Whatever the source of infection, once in a potato crop the effects of Dickeya spp. can be serious but are not easily differentiated from Pectobacterium spp. based solely on symptomatology. It is, therefore, highly likely that disease outbreaks caused by Dickeya spp. have been underestimated in commercial potato production.
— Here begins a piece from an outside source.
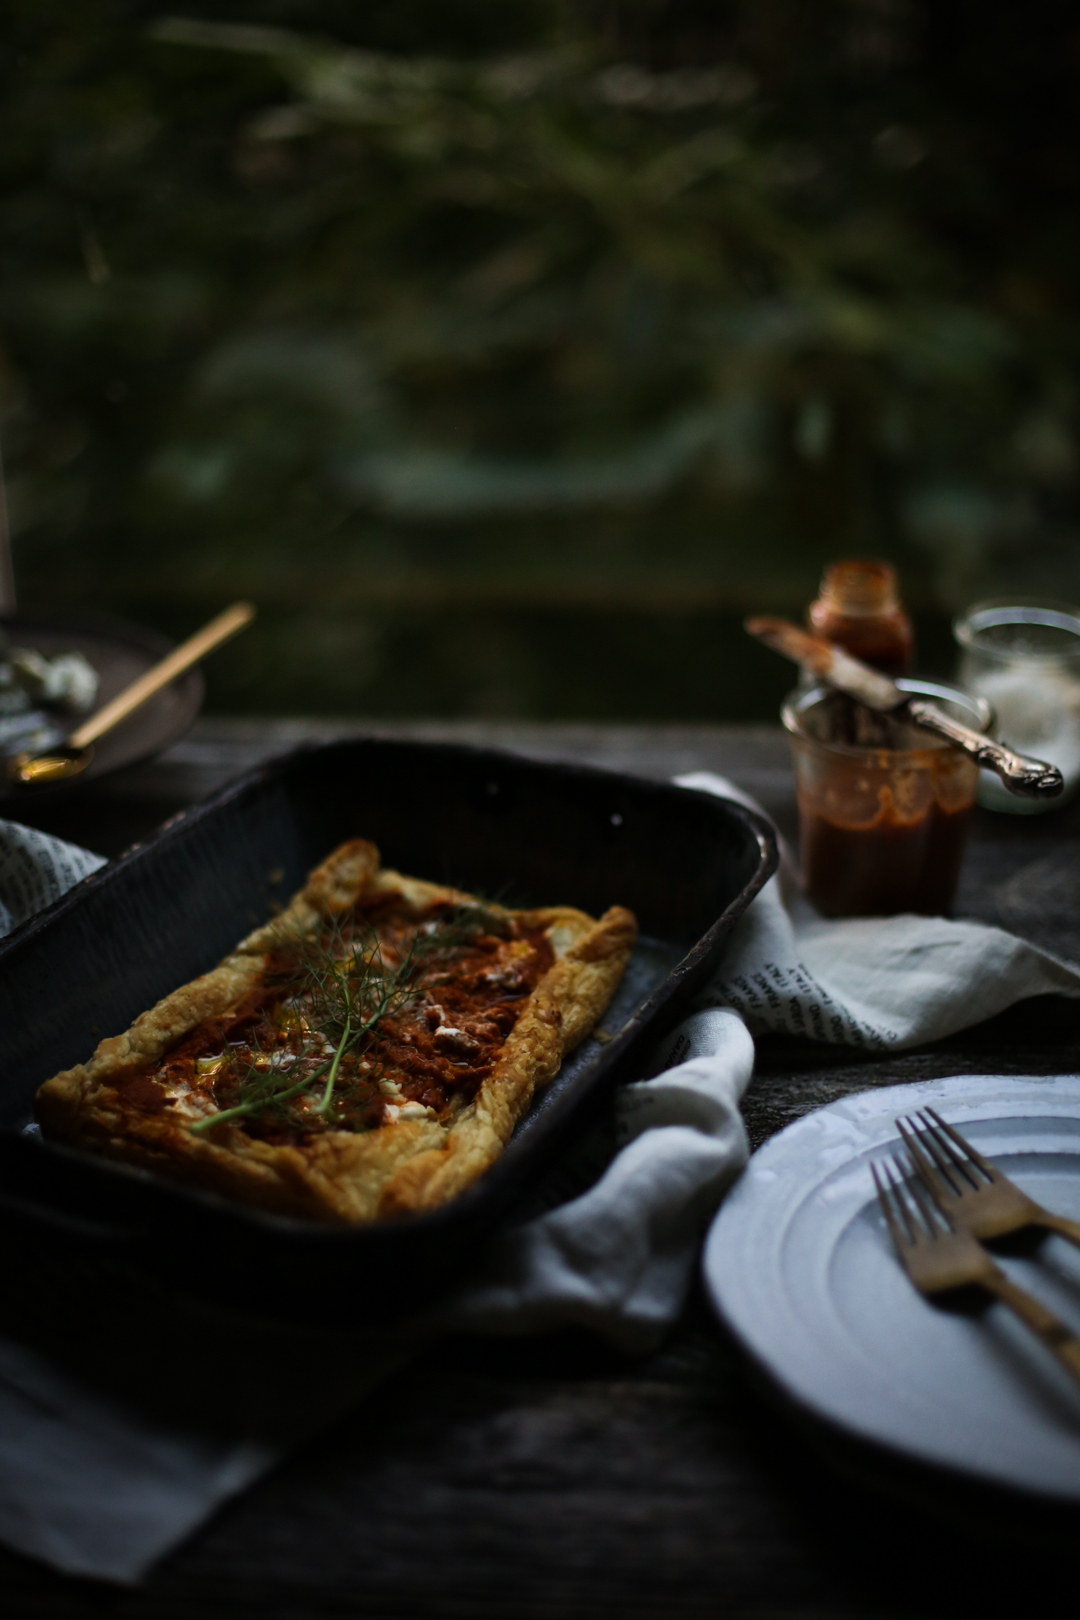 smoked-tomato-jam-goat-cheese-tart-recipe-photography-styling-by-christiann-koepke-of-christiannkoepke-com-8

Diagnostic tools are thus important for identifying the presence and spread of the pathogens. Diagnostics, based on a variety of molecular methodologies, are now being developed to allow differentiation between Dickeya species, which will be of particular use in future epidemiological investigations. Such diagnostics will be essential if new legislation to prevent the spread of Dickeya spp. into Scotland, Israel and other countries, is to be effective. Other control measures currently recommended are largely in line with those used for Pectobacterium spp., but if this disease is to be controlled, research is needed to identify specific measures that are most effective against the threat from Dickeya spp.